> **DATASET EXTRACT**:
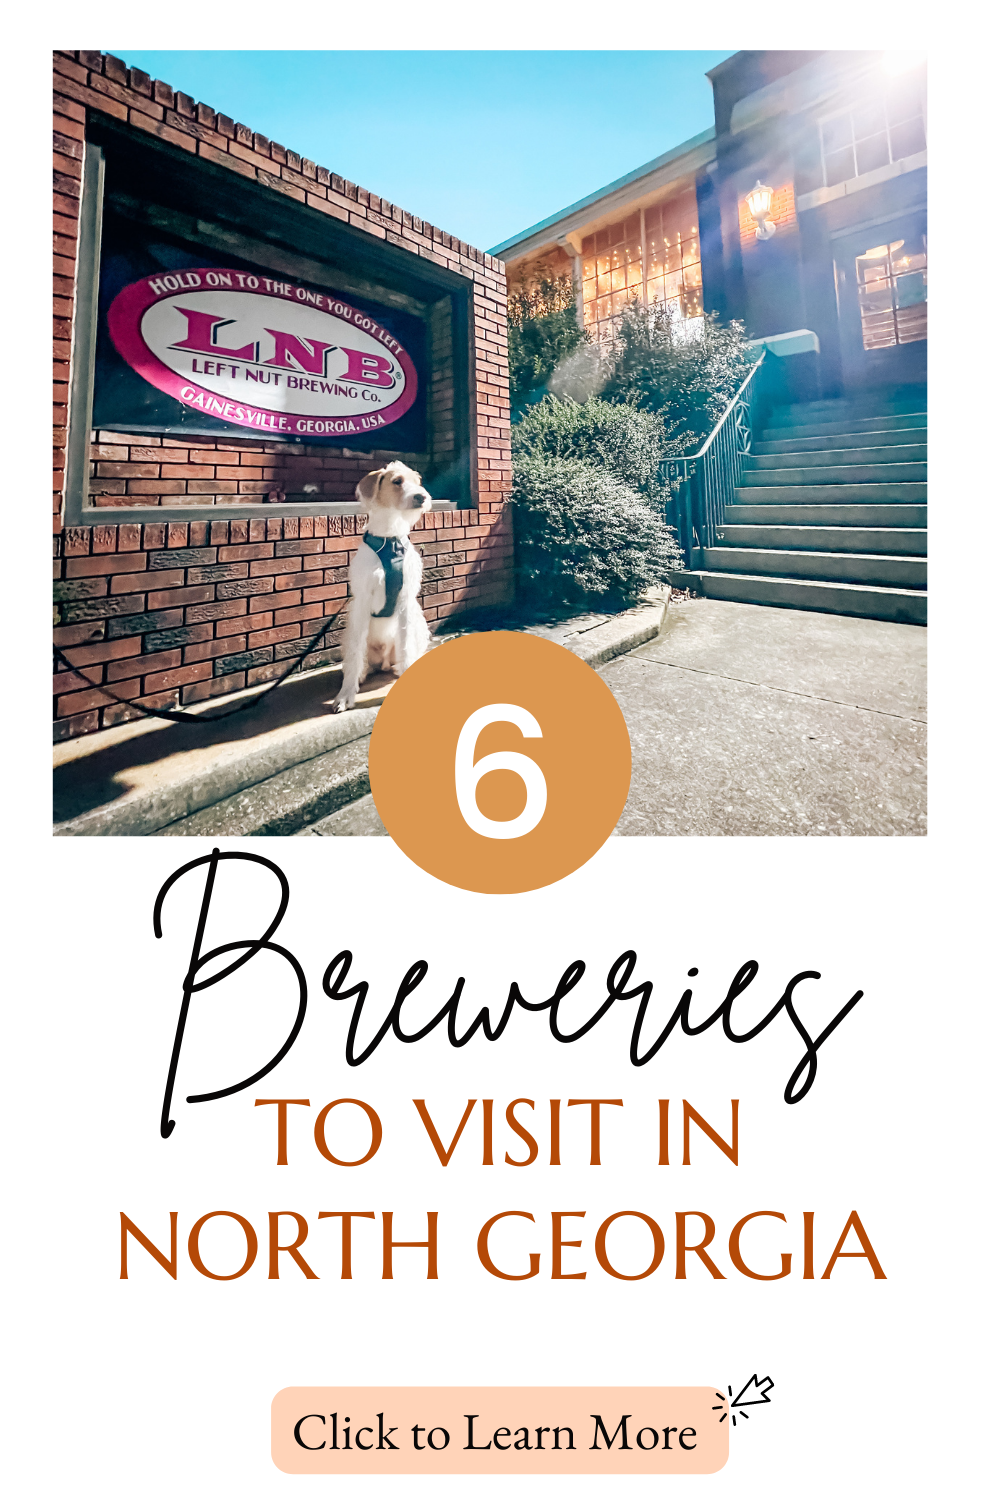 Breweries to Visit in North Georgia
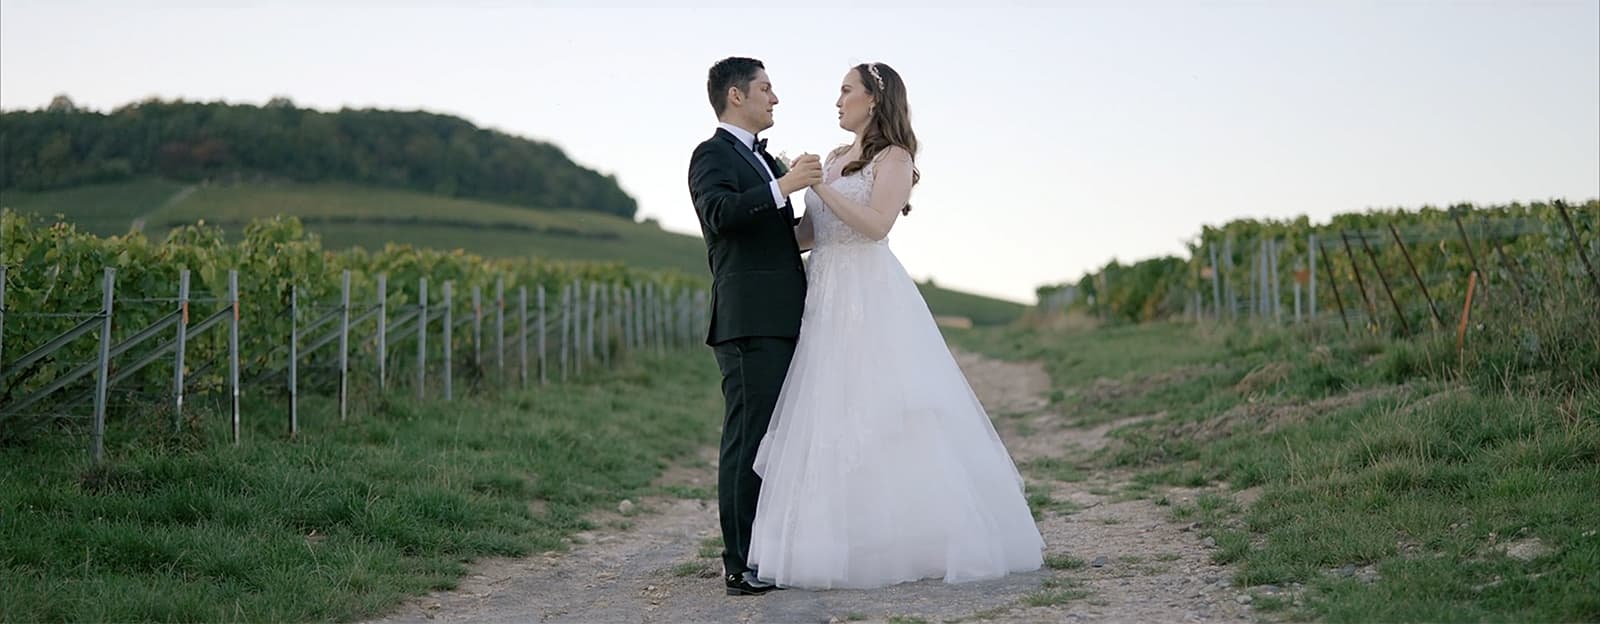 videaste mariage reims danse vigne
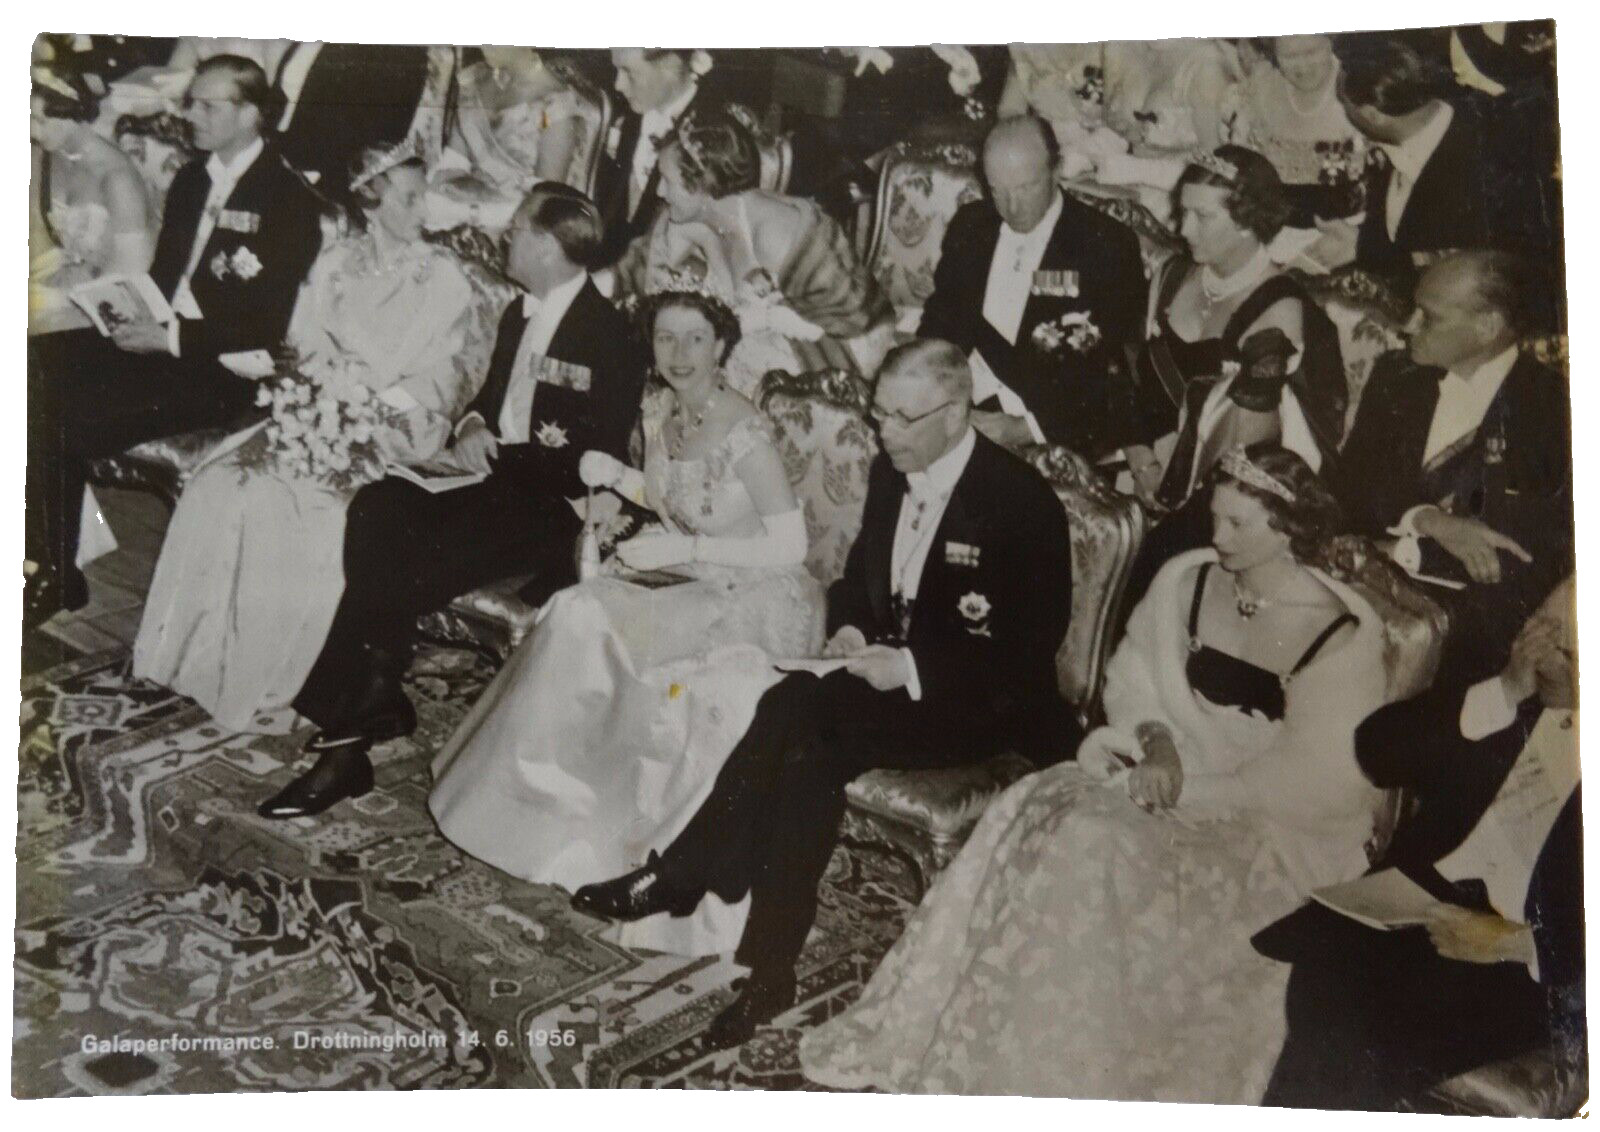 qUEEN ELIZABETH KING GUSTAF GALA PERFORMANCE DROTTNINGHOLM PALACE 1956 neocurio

> **PROBLEM DETAILS**: Every line of the data above should be repeated exactly. Omit the pictures.

> **EXERCISE OUTPUT**:
 Breweries to Visit in North Georgia
 videaste mariage reims danse vigne
 qUEEN ELIZABETH KING GUSTAF GALA PERFORMANCE DROTTNINGHOLM PALACE 1956 neocurio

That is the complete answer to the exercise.